Beets: While part of the root vegetable family, beets are worthy of their own lesson, with novel preparations from fresh-pressed juice to roast beet in salt crust.
Mushrooms: Packed with vitamins, protein, and savory umami flavor, this "meaty" vegetable is uniquely satisfying.
Herbs: Delicate yet packed with flavor, herbs brighten everything from cocktails to pizza.

The What, the How, and the Why

In addition to inventive recipes you'll be anxious to try, this course is filled with expert insights into why you're doing what you're doing. You'll develop an understanding of why you need to continue frying vegetables until the oil stops bubbling and how you need to prepare fibrous food such as lemongrass, rhubarb, and asparagus to make them palatable. In fact, Chef Briwa takes the fear factor out of dealing with a great deal of what may be considered intimidating produce, including fresh artichokes, leeks, and celery root, as well as more exotic vegetables such as cactus paddles, yucca, and purslane.

From proper knife skills to how to store and cook leftovers safely, he delivers numerous tips, tricks and techniques you'll use in the kitchen every day.
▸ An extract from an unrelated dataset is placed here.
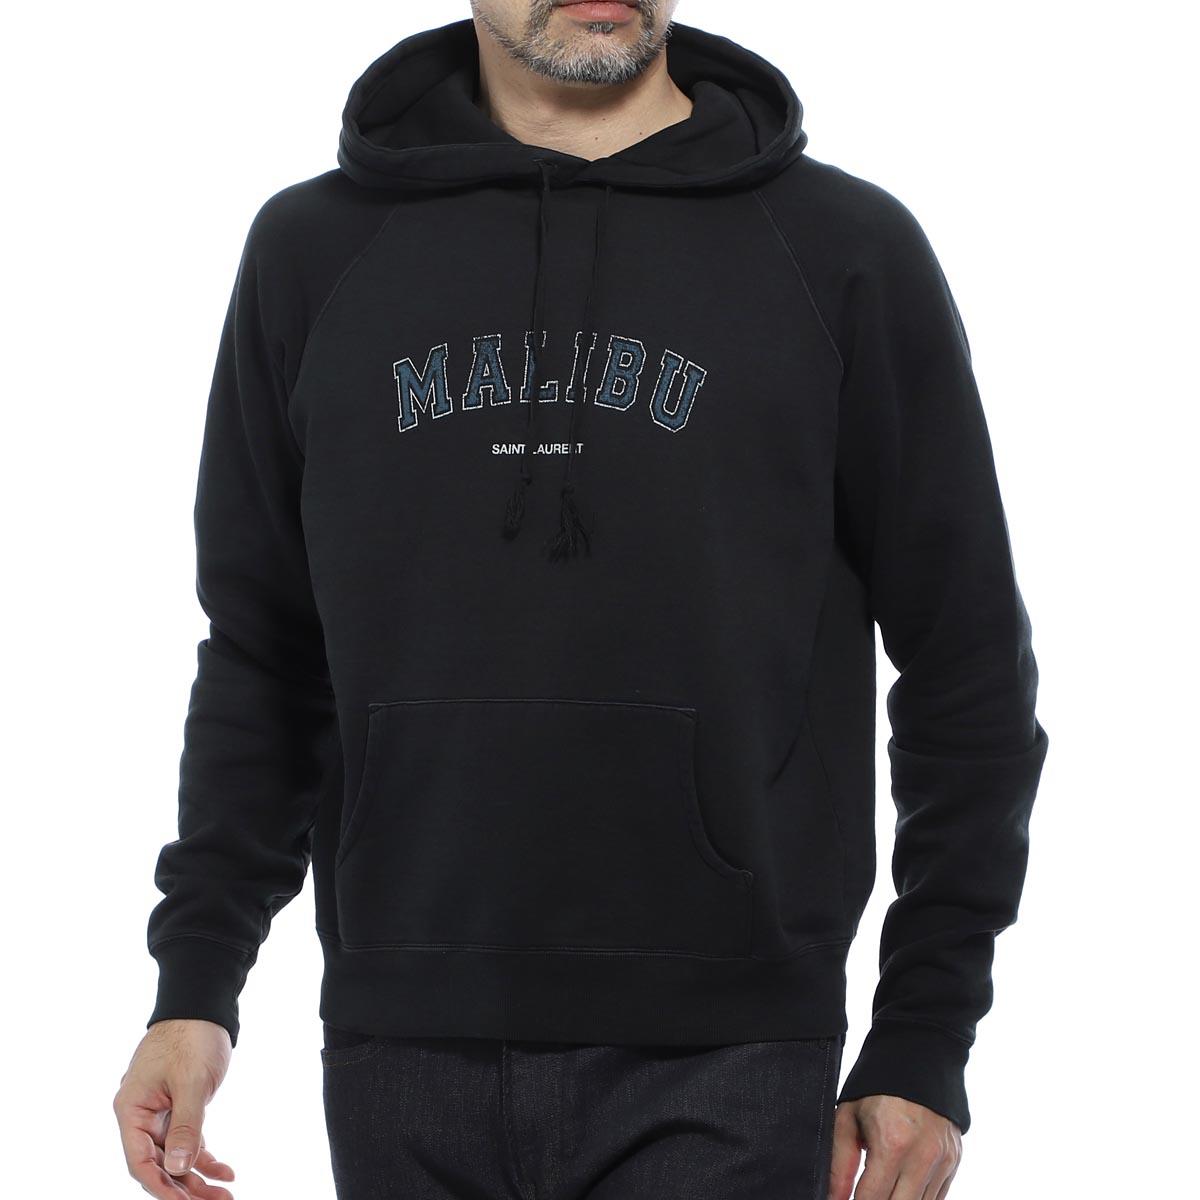 サンローランパリ SAINT LAURENT PARIS パーカ フーディ ブラック メンズ 603281 ybpy2 1050 Saint laurent malibu print sweatshirt【あす楽対応_関東】【返品送料無料】【ラッピング無料】
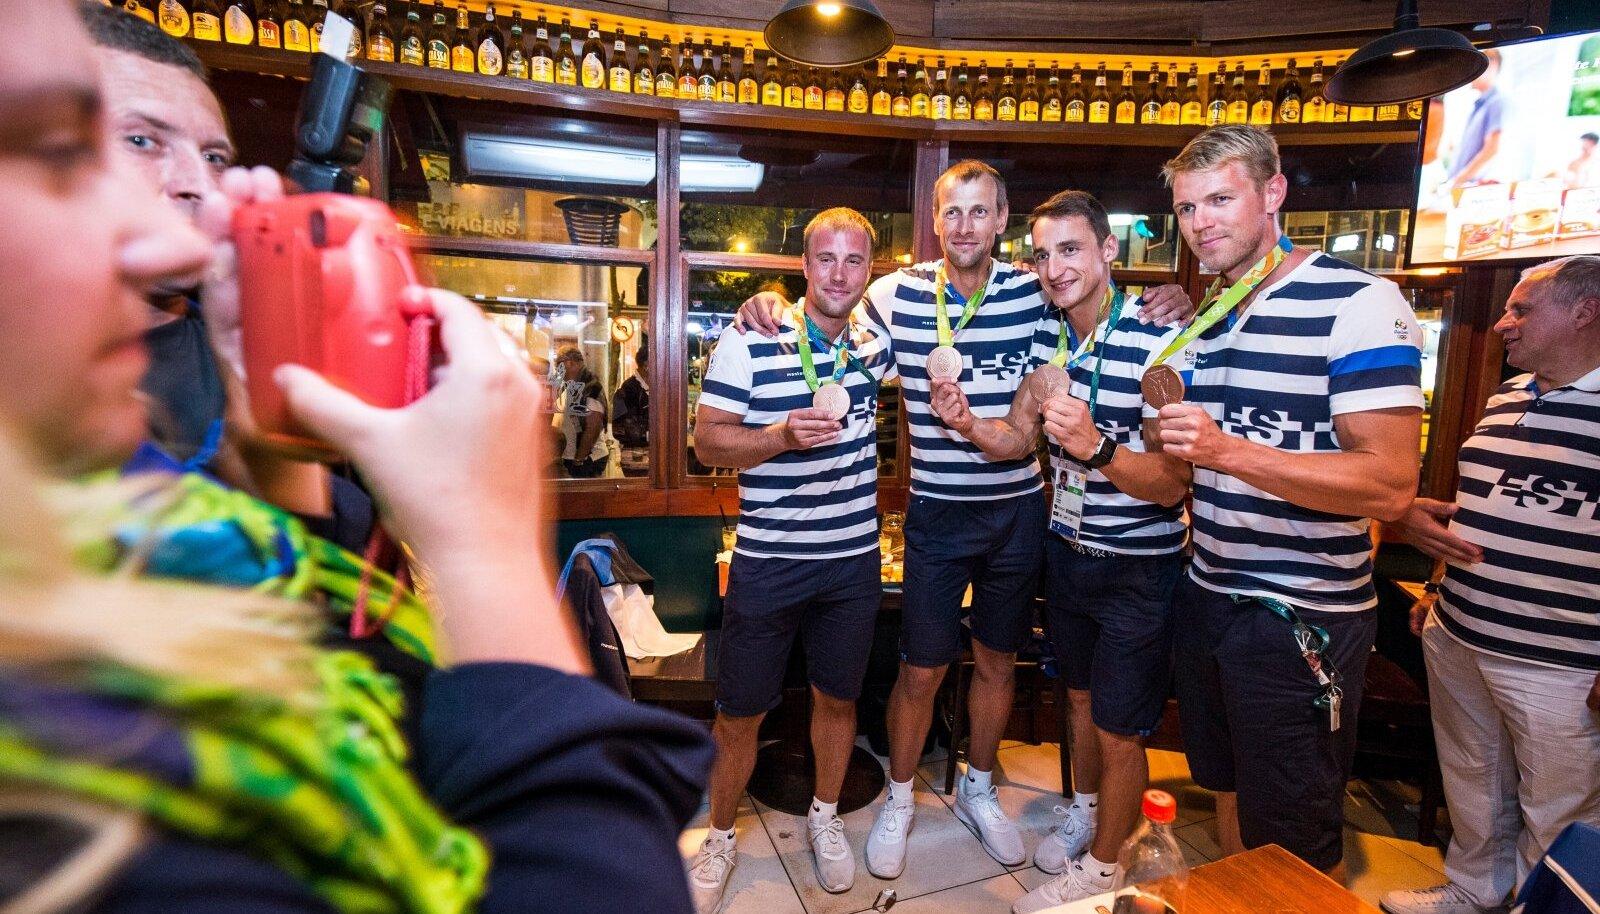 Viimase olümpiamedali võitis Eestile viis aastat tagasi Rios meie neljapaat.

Learn how to:

cut herbs like mint and basil without damaging the leaves;
chop vegetables to uniform sizes for even cooking;
create vinaigrettes that complement your salad greens;
slice a lime so it releases the most juice;
keep leafy greens from wilting in your refrigerator;
determine when pasta is done; and
give your everyday meals a chef's visual panache.

Perhaps the most beneficial aspect of this course is the knowledge it arms you with when food shopping. No longer will you stand in the produce section with an item in hand, wondering what you're supposed to be looking for and what you should avoid. Once you know what to buy and how to store it, you'll extend the shelf life of your vegetables and waste less in the long run.

Enter the Kitchen of an Acclaimed Chef

Taught by a culinary educator who has spent three decades teaching audiences around the world, Chef Briwa empowers you experiment, offering ideas on how to translate methods and components across recipes and to create dishes around whatever vegetable you happen to find at the farmers market. Culinary novices will appreciate his detailed, methodical instruction while more experienced home cooks will find inspiration in the templates he provides.

Cooking with Vegetables broadens your concept of what vegetables are capable of and how they can fit into your life. Let it turn the vegetable skeptics in your home into vegetable believers once and for all.